A/N Copyright disclaimer: I do not own any of these characters or anything to do with Twilight, they belong to Stephenie Meyer. This is my first fic and as such welcome any and all feedback. If you like what you see (or don't) please review.
Sweet Science Chapter 1
The first thing I notice is her smell.
Not the square bank of thousand-watt fluorescent lights shining in my eyes as I strain to see; one eye starting to swell shut while the other fills with sweat.
Not the prickly irritation of the canvas scratching at me as I roll over onto my knees, only to collapse right back where I started. Not the sound of Marcus thumping the canvas, screaming unintelligibly from my corner. Not my muscles refusing to budge from their dormant state, as the fatigue overwhelms me. Not even the noise of the packed stadium shouting, hopefully feverish in my support. Those all run through my head like a child's flipbook, but not before I notice her smell.
I usually don't notice things like that. I'll obsess to an unhealthy level over all sorts of other details in life; championship reign lengths, training techniques, dieting tips, anything that gets me to my goals. But smells, faces, feelings; tangible sensations never seem to stick. At least, that was life until I met Bella Swan with her indefinable quality that refuses to be ignored. When it comes to her fragrance, it's more remarkable than anything I've ever experienced. I struggle to put it in to words as another waft of her scent overcomes me, but the closest thing I can link it to would be cinnamon and lavender. Well, more like cinnamon, lavender and coffee, which is a surprisingly intoxicating combination. The amount of coffee she drinks surely can't be fit for human consumption.
Where is that smell coming from?
It's a trick of the senses, some kind of phantom smell.
After the pounding I just took I'm lucky I'm conscious enough to smell anything at all. I honestly believed that I would be able to salvage it, but there's been no call, not even a message.
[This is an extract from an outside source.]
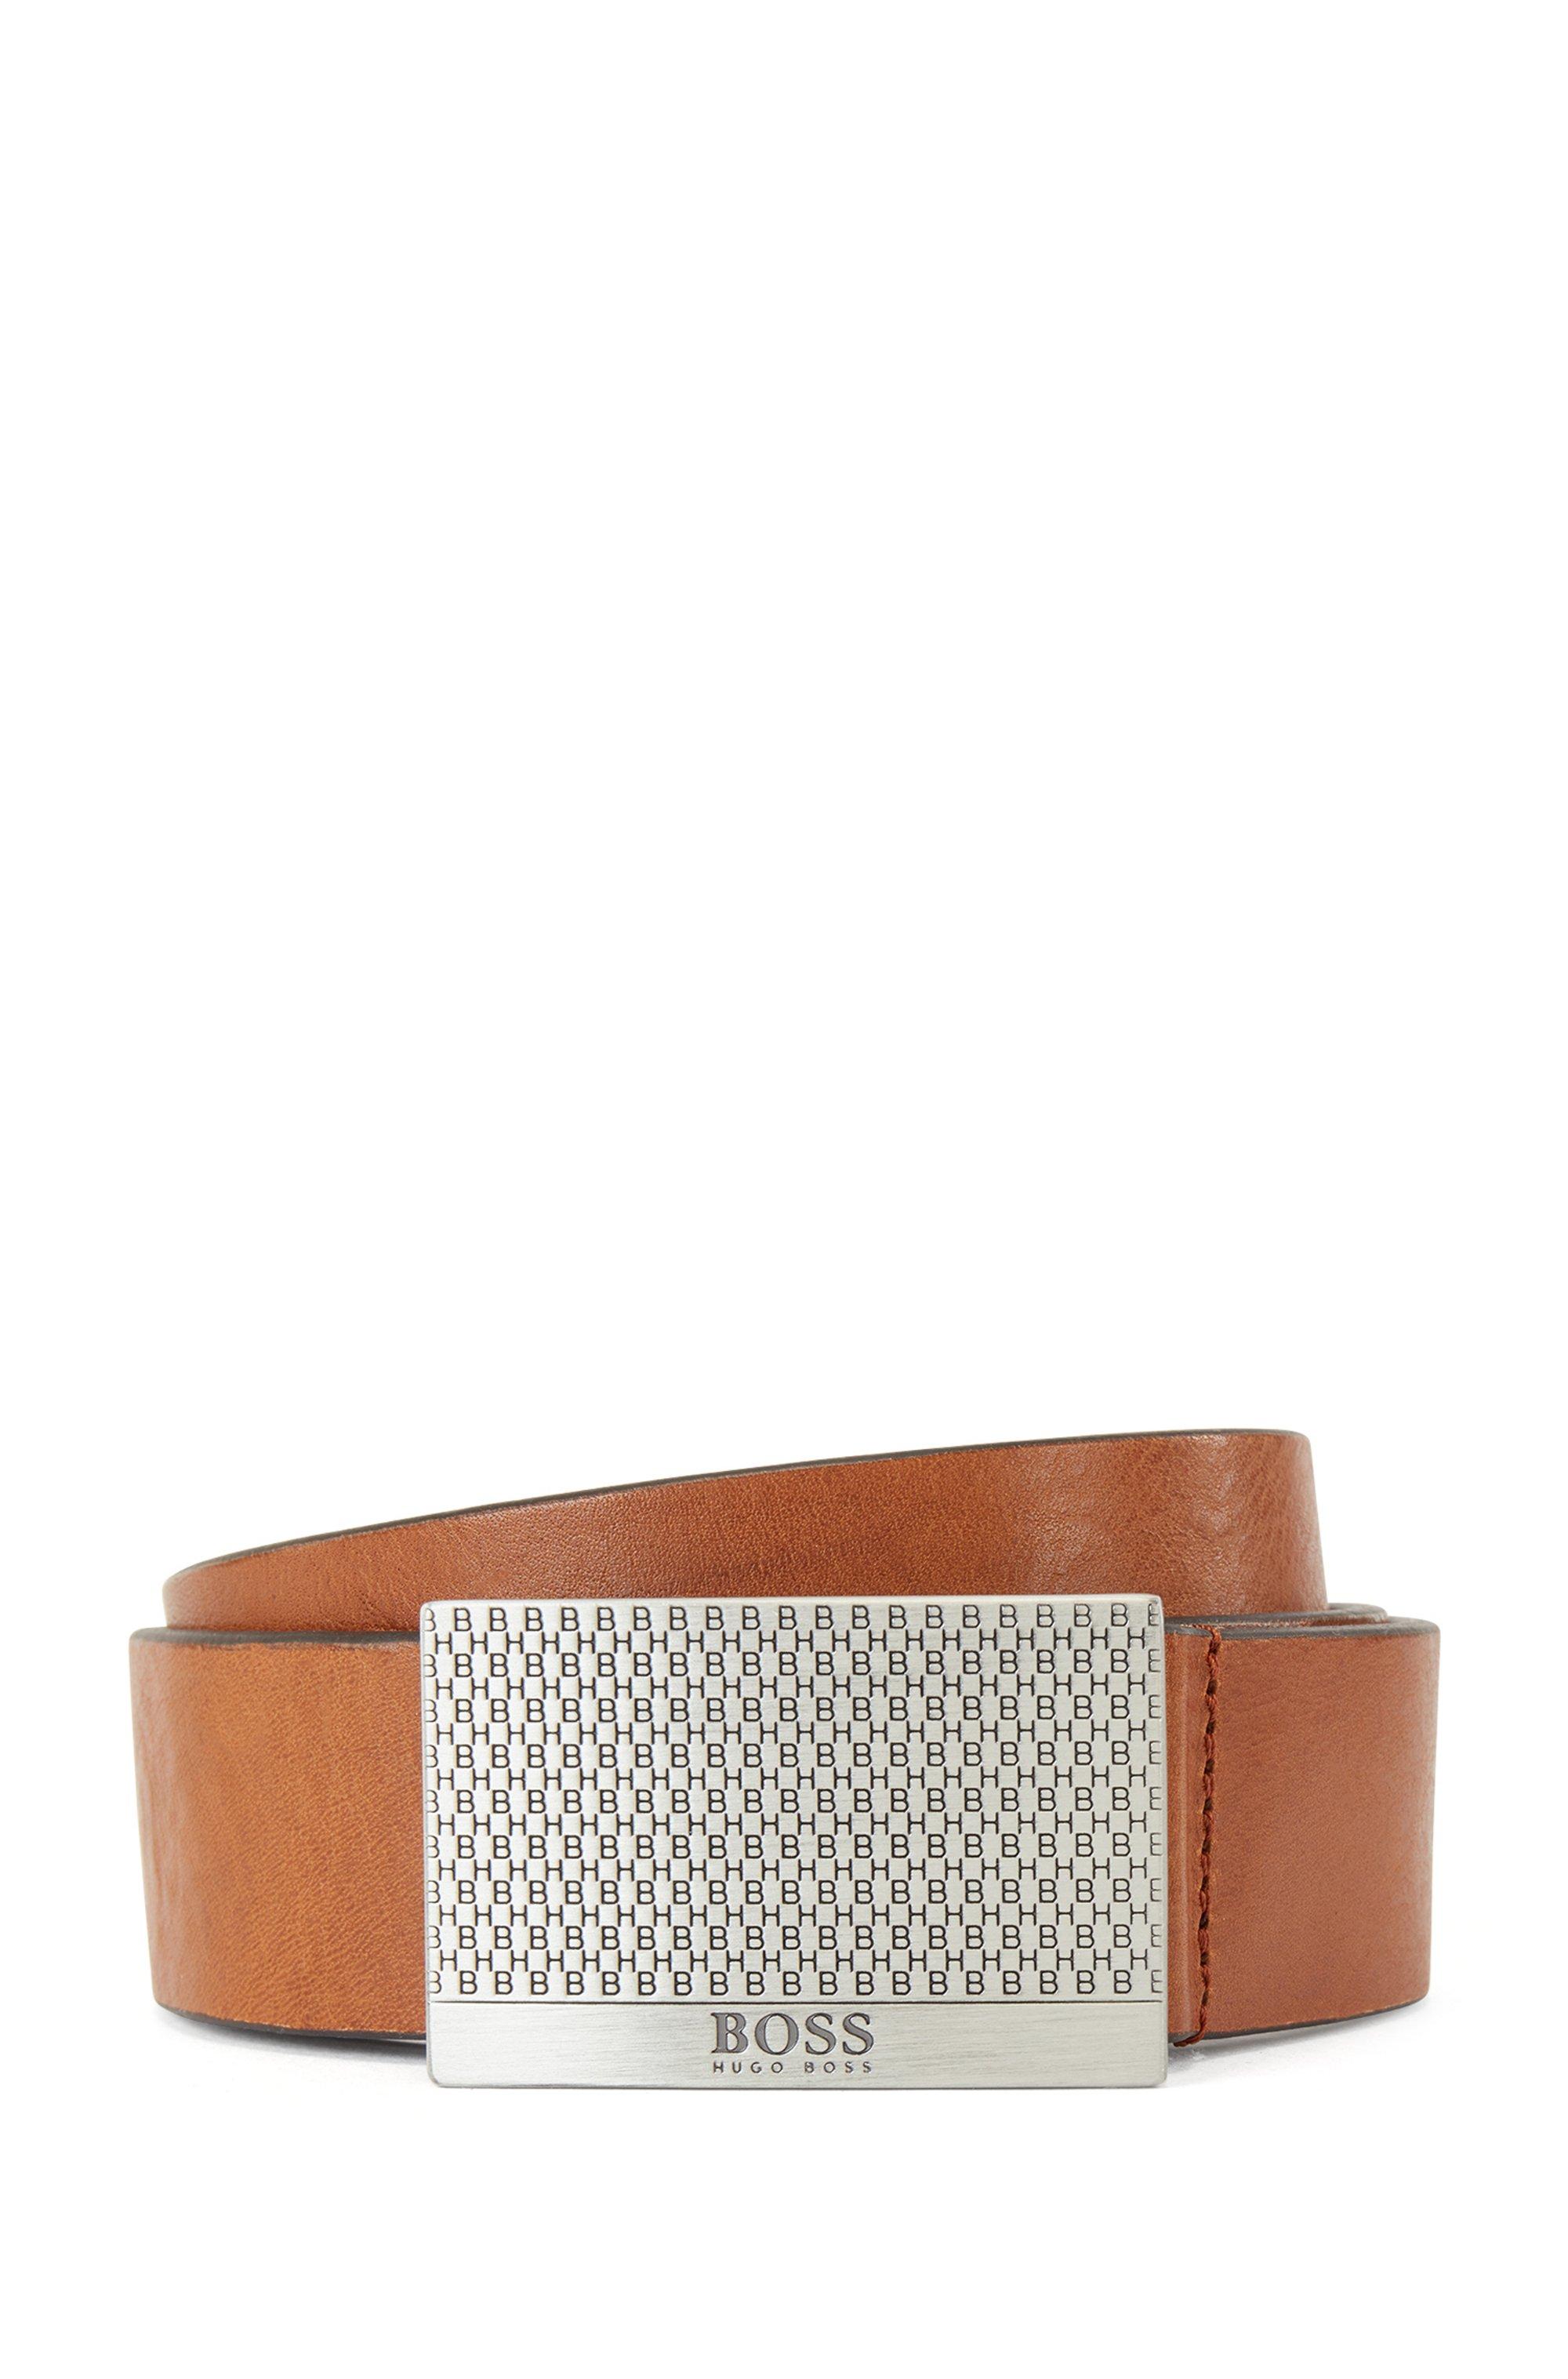 Gegerbter Ledergürtel mit Monogramm-Prägung auf der Koppelschließe, Braun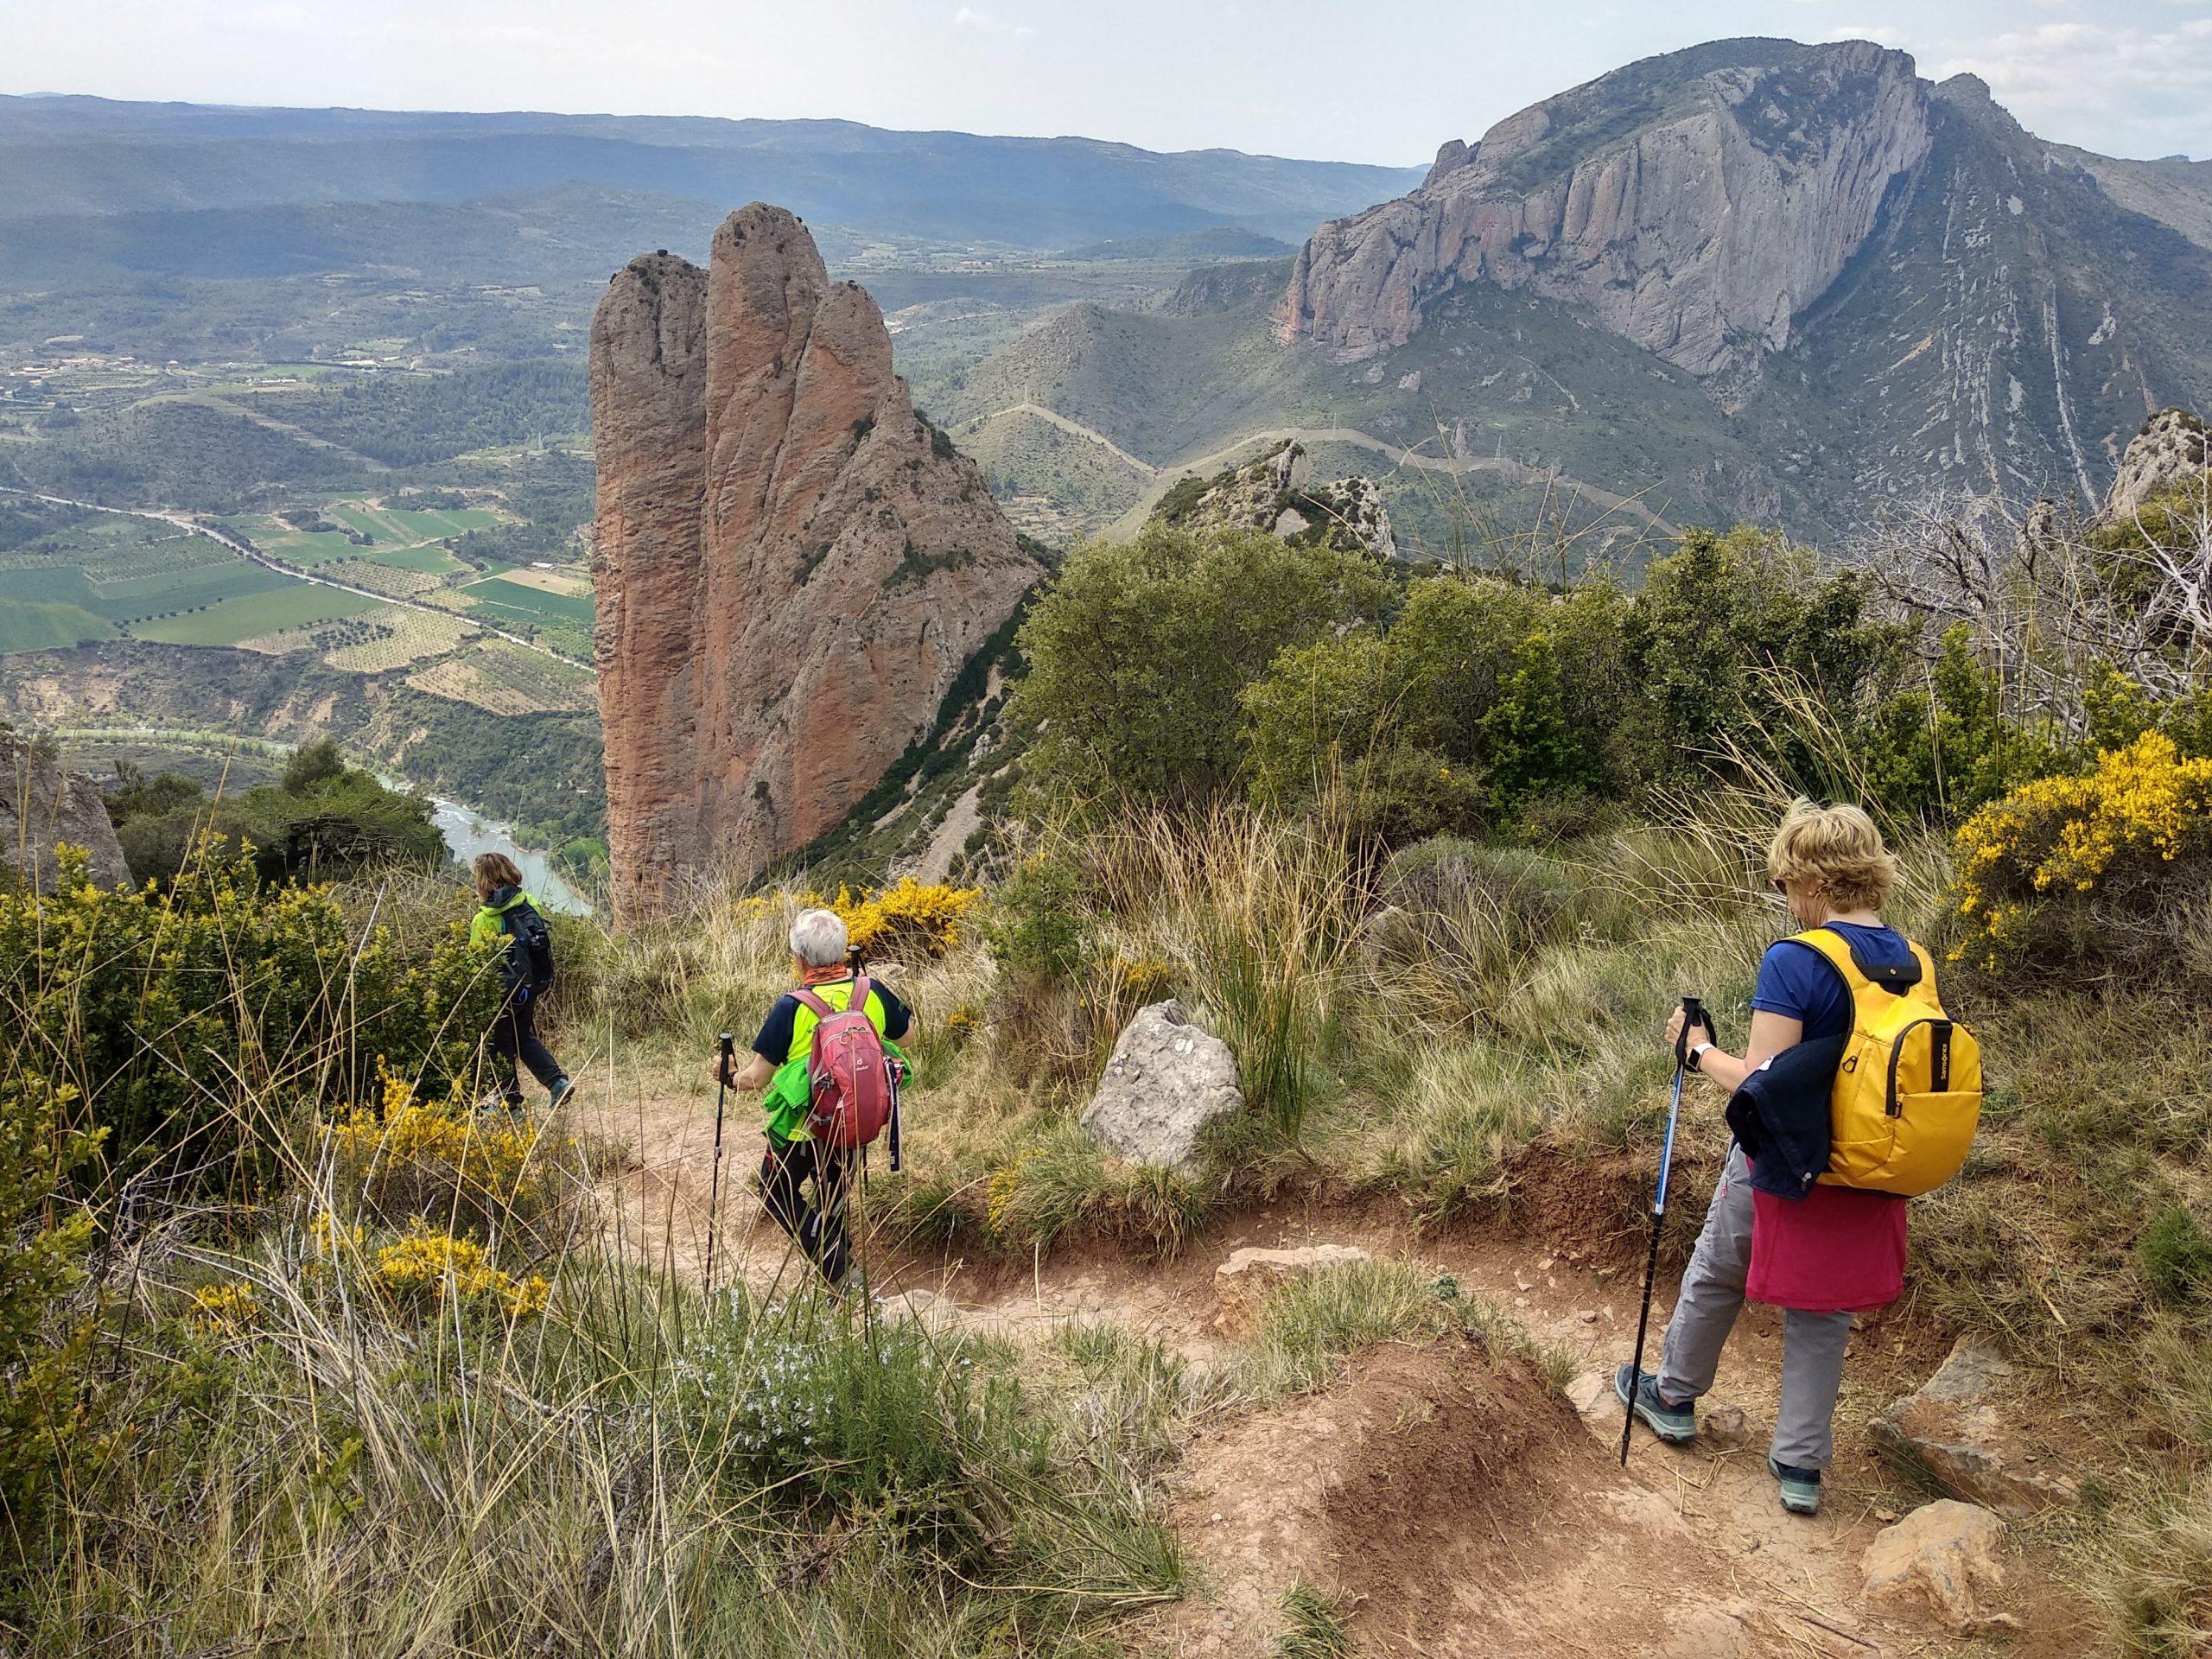 Senderismo en el Parque Natural de la Sierra de Guara y Prepirineo de Huesca. Pequeñas joyas del Prepirineo.

Silence. She's gone and I thought I had started to accept the fact that I'd fucked it all up. Time. Just a little more time and I would have worked it all out. If there is any justice, she won't have contacted Jasper or Carlisle either. It's a small relief knowing that if she's not here, then she's not witnessing my systematic destruction.
Why am I even thinking about this?
I need to focus on a more immediate problem. One that will determine not only my own future, but also that of those who have chosen to support me despite some of my more stupid decisions. I just can't shake it, nothing else smells like that but after what happened why would she be here?
That's never been my thing; I'm fast, and hard to keep down, but focus? That's something else. Marcus always lectures that it doesn't matter how long you jump the rope, how hard you work the heavy bag, how many crunches, squat thrusts, pull-ups or push ups you can do, if you can't focus it's over. Go write a book, this isn't for you.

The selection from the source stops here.